The three measurement domains are defined as follows:
- Outcomes: Do our solutions meet the needs of our customers and the business?
- Flow: How efficient is the organization at delivering value to the customer?
- Competency: How proficient is the organization in the practices that enable business agility?
Furthermore, these three measurement domains are applicable at every level of an organization. As Figure 2 illustrates, they can be used to measure performance within an SAFe portfolio, a Solution Train, an Agile Release Train, or even a single Agile Team.
Within each of the measurement domains are a set of specific metrics which are described in the sections below.
Measuring Outcomes
Outcomes help determine whether a development organization’s efforts produce the desired business benefit. Outcomes may measure externally facing concerns such as increases in revenue, customer retention, etc., as well as internal considerations such as employee engagement.
KPIs and OKRs
A SAFe Portfolio measures outcomes using Key Performance Indicators (KPIs) and Strategic Themes. Each KPI is a specific and quantifiable measure of business results for the value streams within that portfolio. Outcome metrics of this kind are typically context-specific and depend heavily on the organization, business model, and the nature of solutions delivered to the customer. For example, the customer conversion rate may be a meaningful metric for an eCommerce business but would be inapplicable to a microchip manufacturer. Some indicators, however, may be successfully applied across contexts, such as Net Promoter Score, for example.
The Value Stream KPIs article provides guidance for defining appropriate KPIs for that particular SAFe Portfolio. Examples of KPIs appear in Figure 3.

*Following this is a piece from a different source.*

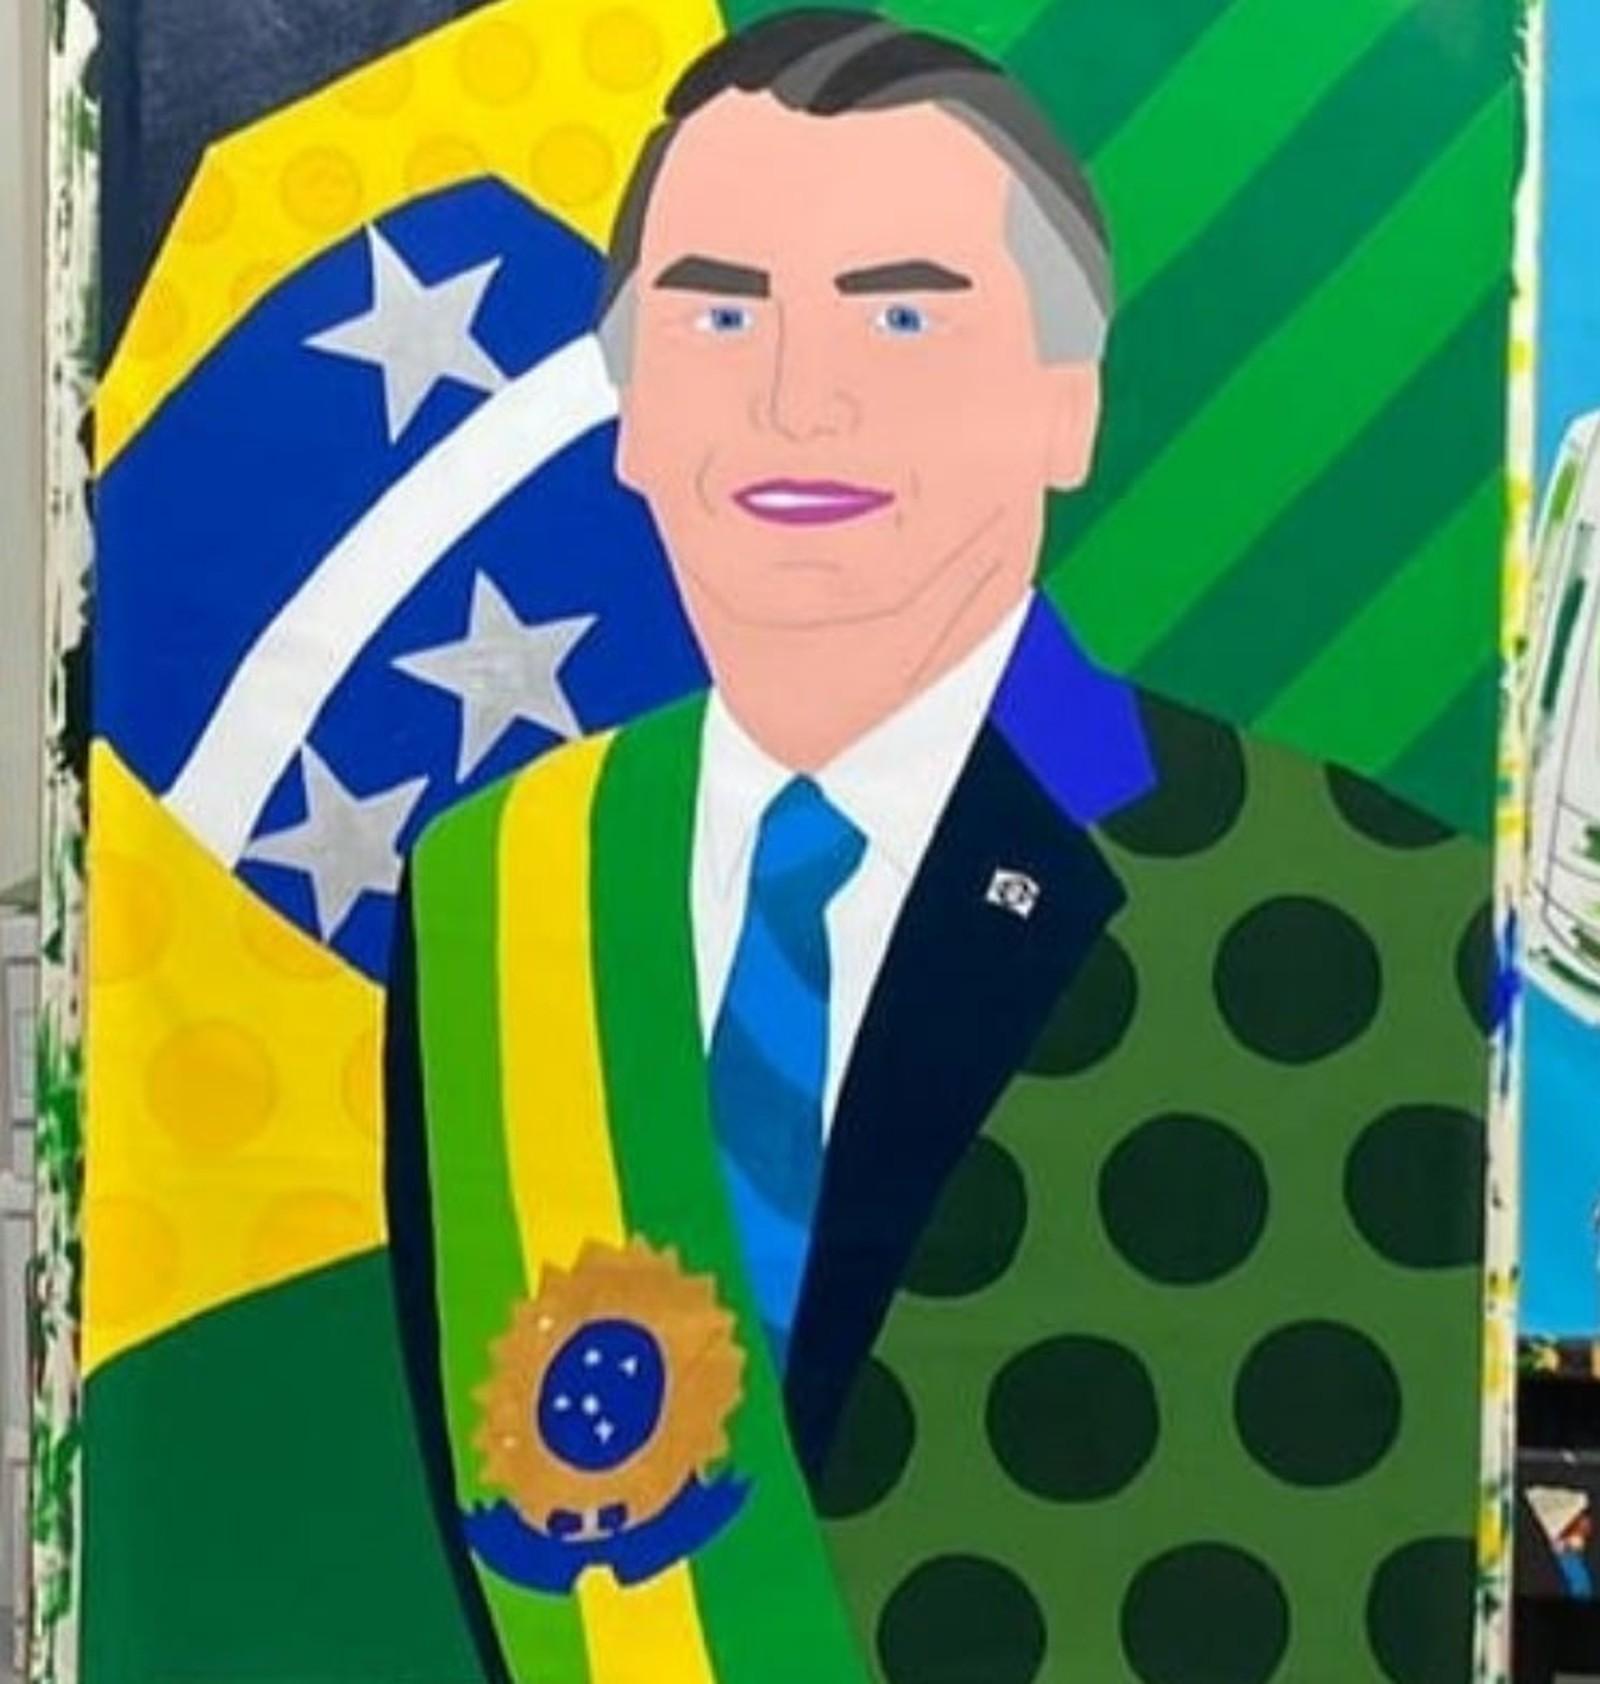 Pintura de Romero Britto retrata o Presidente Jair Bolsonaro e foi divulgada por Flávio Bolsonaro — Foto: Reprodução/Instagram/flaviobolsonaro

Of course, these KPIs are partly informed by the portfolio strategic themes since the strategy helps to determine the targets to be met. However, whereas KPIs represent ongoing ‘health’ metrics that can be used to measure overall business performance, the strategic themes, formulated as OKRs, define the specific outcomes that the portfolio is working towards to achieve future success. Therefore the key results associated with these objectives determine another set of critical outcome metrics that are typically measured quarterly, as shown in Figure 4 below.
Within a large portfolio, it can be useful to create specific OKRs for each value stream that align with the portfolio strategic themes. And further, for large value streams that contain multiple ARTs, this process can be repeated to create a set of OKRs that define the goals for each specific ART. This approach also allows those at each level of the organization to see the direct impact of their work against the key results of the OKRs they are aligning to. (This use case, and others, are described in more detail in the OKRs article)
Employee Engagement
Another important internal outcome metric is employee engagement. Employee engagement measures the amount to which individuals feel motivated and actively engaged in supporting the achievement of the organization’s goals and values. Higher levels of employee engagement result in higher productivity, efficiency, and innovation levels. Consequently, lower levels of employee engagement can lead to poor motivation, lower-quality work, and higher staff turnover.
Different methods exist for measuring employee engagement, and each organization needs to determine what is right for them. Some organizations will use an annual employee engagement survey. Others use an employee Net Promoter Score (eNPS), which asks, ‘How likely are you to recommend your employer to others as a place of work?’ and is measured on a 10-point scale. Whichever approach is chosen, the resultant data should inform initiatives to improve employee engagement levels.
Iteration Goals and PI Objectives
Localized metrics such as Iteration Goals and PI Objectives are used effectively by teams and trains to measure whether they are achieving their outcomes. These ensure their efforts are focused on the needs of the customer and the business, provide feedback on the progress they are making toward business results, inform the prioritization process, and facilitate acceptance of work.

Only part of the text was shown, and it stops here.